Toxic spill temporarily closes Ohio Gulch Transfer Station
By TRAVIS PURSER
Express Staff Writer
A
sign warns against dumping hazardous and liquid waste at Ohio Gulch. "People
dont realize you cant just throw these things away like everything else,"
said Wood River Fire and Rescue Chief Bart Lassman.
The Ohio Gulch Transfer Station closed early on Friday after 41 cans of
green toxic paint were accidentally dumped inside one of the stations buildings. It
reopened at 12:30 p.m. on Saturday.
A worker at the station was treated and released at the scene.
The paint cans were from the Webcor Thunder Springs job site along
Saddle Road in Ketchum, said Fire Chief Bart Lassman of the Wood River Fire and Rescue
unit.
A spokesman for San Francisco Bay Area-based Webcor, planner of the
large Thunder Springs development, took responsibility for the incident.

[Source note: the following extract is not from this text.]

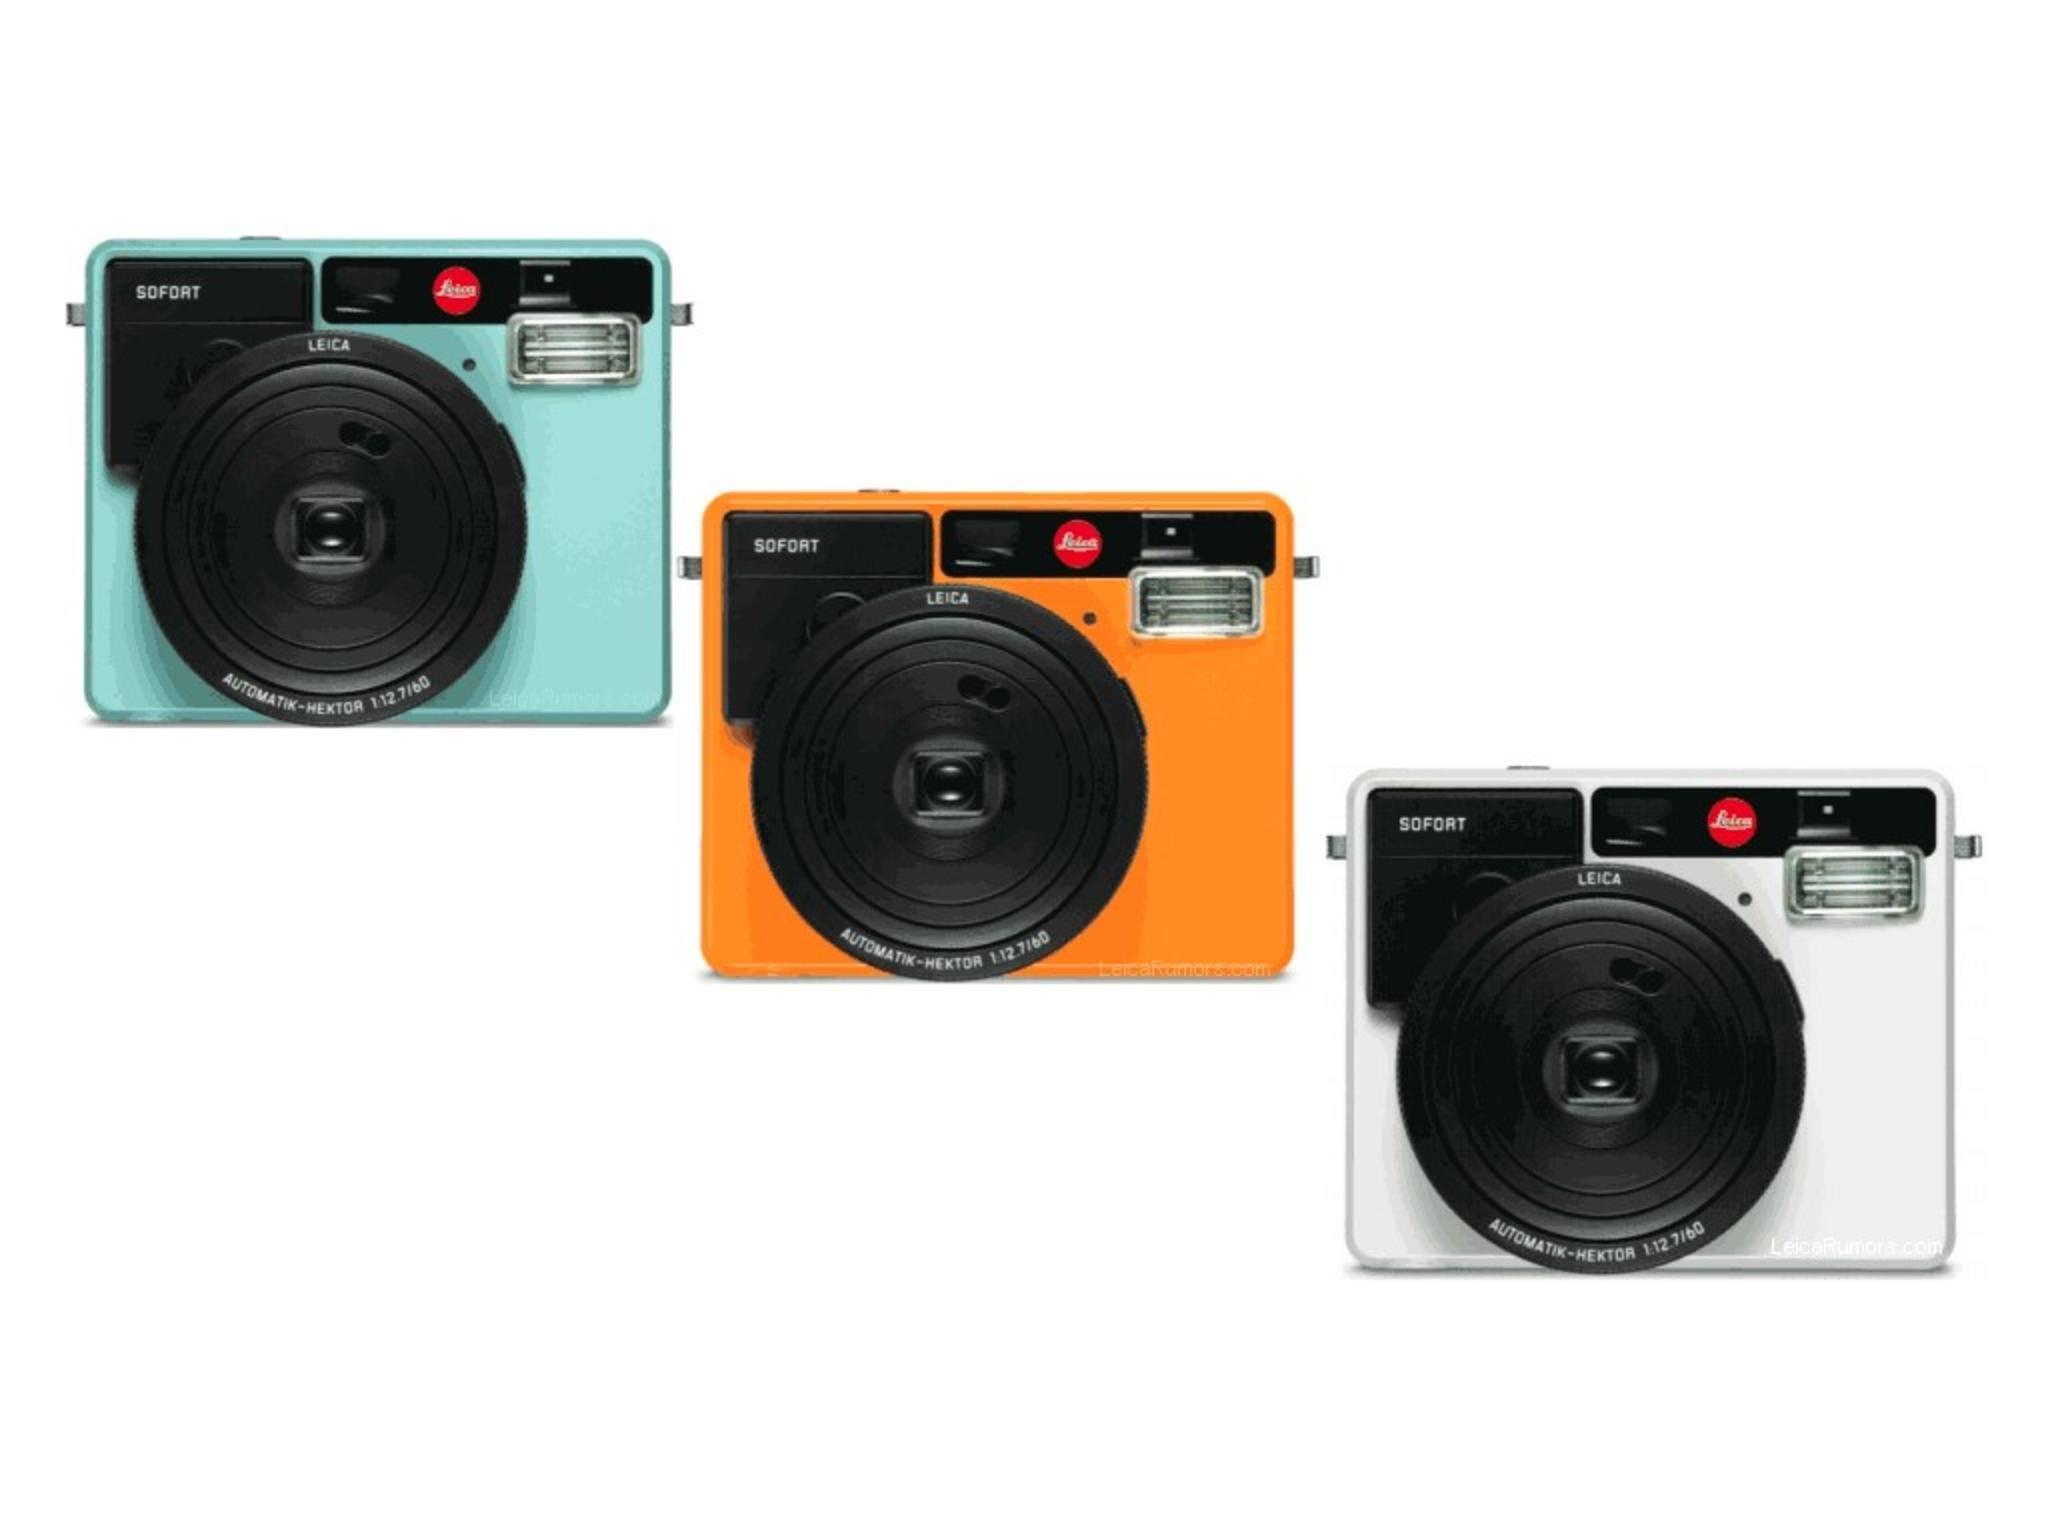 Die Leica Sofort soll am 15. September offiziell vorgestellt werden.

A Webcor spokesman, John Kerley, told the Idaho Mountain Express
Fridays paint spill "was just a pure, blatant mistake, nothing malicious
intended."
The Southern Idaho Solid Waste District uses the station to transfer
household rubbish, construction refuse and other garbage into semi-tractor trailers before
hauling the garbage to the districts landfill in Burley.
The paint was discovered when heavy equipment operator Richard Griffis,
who was working inside the building, suffered severe nausea and a headache. Griffis,
concerned about a potential fire, shut down operations and called local and state
emergency services.
Emergency medical technicians treated and released Griffis while Wood
River Fire and Rescue hazardous materials (HAZMAT) technicians, dressed in one-piece
protective suits and respirators, controlled and contained the spill.
Fire chief Lassman said the HAZMAT technicians working on the green
ooze looked like "something right out of a movie." But, he added, fumes from the
spill were extremely flammable and capable of causing pneumonia and cancer if inhaled.
A spark from machinery scraping against the concrete floor, or from
another source, could have set off an explosion, Lassman said.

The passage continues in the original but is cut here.